Attach Selenium Python Test Steps Against An Existing Browser
Develop/debug Selenium Python tests efficiently.
Debugging automated test scripts, in my opinion, demands simplicity and much higher efficiency than code.
Many test automation attempts (as a result, Agile or DevOps) failed because software (test) engineers were unable to keep automated tests along with development.
Assume you have a test script with 100 test steps and a successful execution takes 100 seconds, i.e. average of 1 second per test step. Let’s say on the first run, Step 42 failed. You found the issue in the step and fixed it; You run the test again, Oops, 72 seconds later, Step 72 failed this time. As you can see, it is very time-consuming (and frustrating), as every run starts from Step 1.
Moreover, during the test development phase, for a new test step, a tester might need to experiment with different locators (to find an optimal one for accuracy, execution reliability, and efficiency). It would be a huge time-wasting if every test run restarts from the very beginning.
During my consulting, every test automation engineer I met took it (restart from Step 1 on every test run) for granted. Then I showed them a simple and much better way in TestWise: attaching executions of the selected test steps to the last browser window. The technique I have been using for over 12 years for helping clients and my own projects. I use it many times every single working day, for test scripts in Selenium Ruby.

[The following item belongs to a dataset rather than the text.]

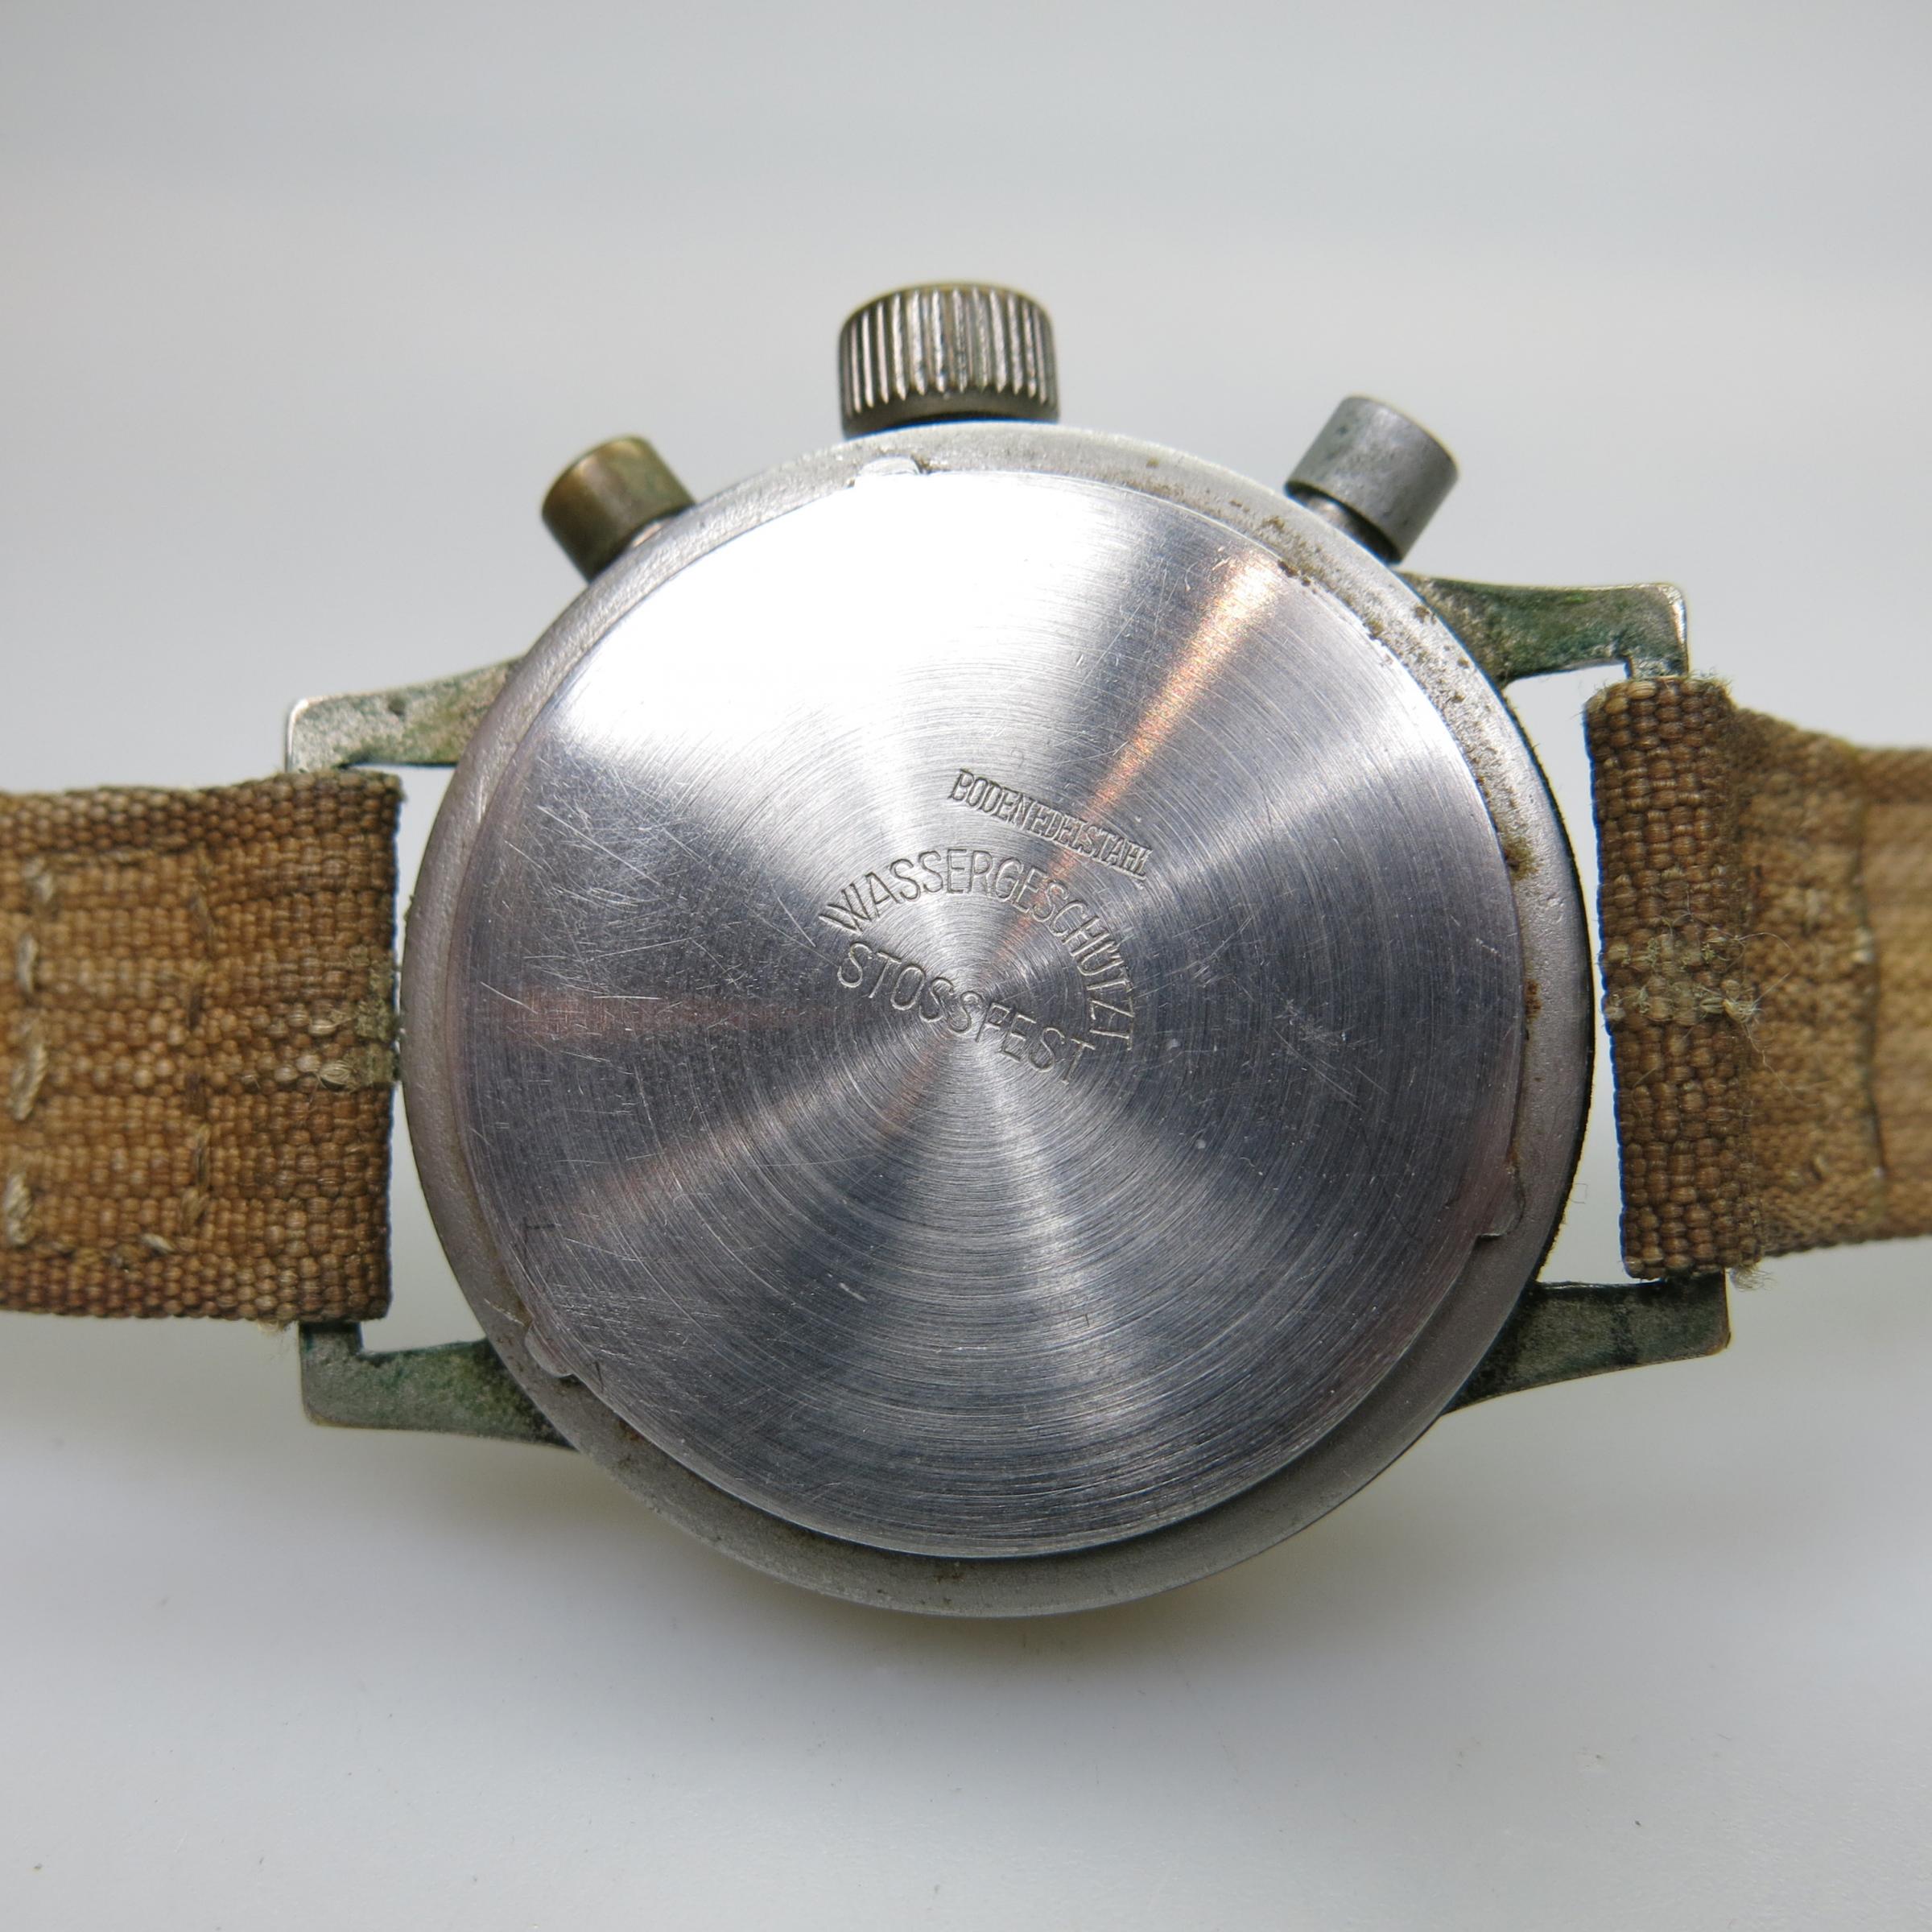 Hanhart Wristwatch With Chronograph

TestWise 6 added limited support for scripting languages in Python and JavaScript. I just added this technique as a recipe in my book: Selenium WebDriver Recipes in Python. Here is a video demonstration with TestWise on macOS.

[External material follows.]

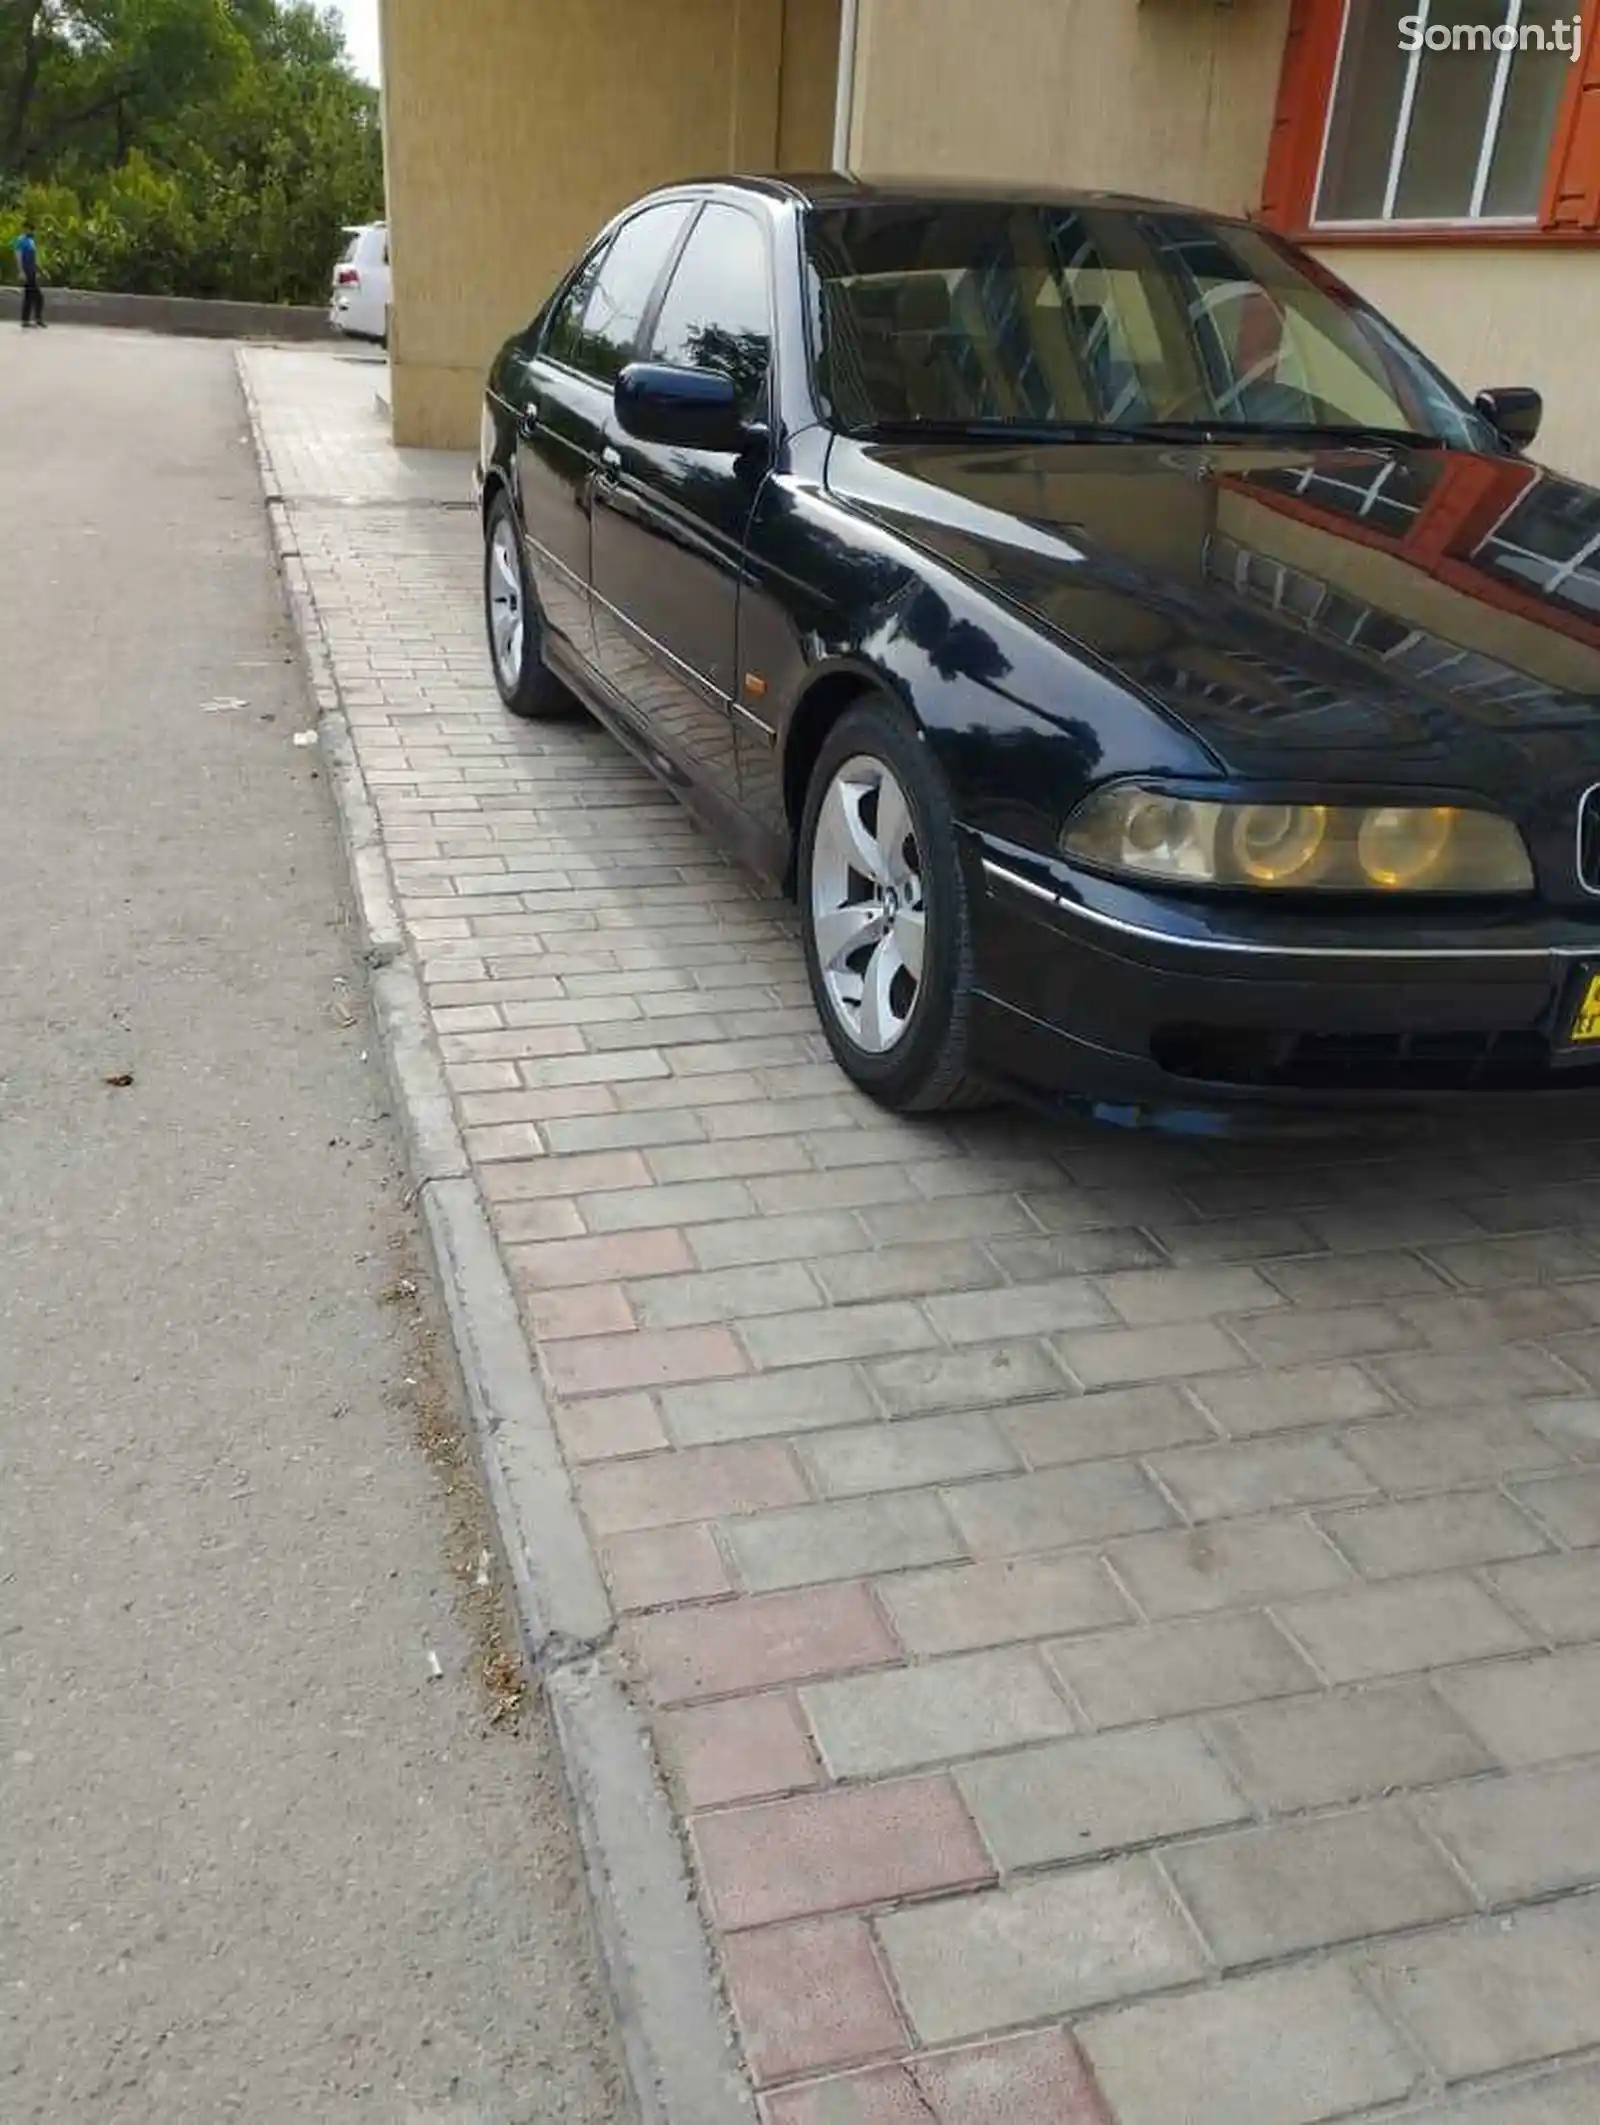 BMW 5 series, 1998-14

Let’s break this down into 4 simple steps
1. Run a single test case, and leave the browser open.
2. Select the test steps, right-click and select “Run Selected Scripts Against Current Browser”
3. These two steps will be executed against the current browser window, in a new test script file: debugging_test.py
4. Edit this special test in debugging_test.py, and run it as many times as you need.
Please note, this is a generic technique, TestWise is just one implementation of it (for some unknown reason, this does not work on Python tests on Windows, fine on macOS and Linux. I guess it will be a framework issue, the Selenium Python has not been updated for 1.5 years).
Explore your tool to have this feature implemented, it can easily save you hours every day.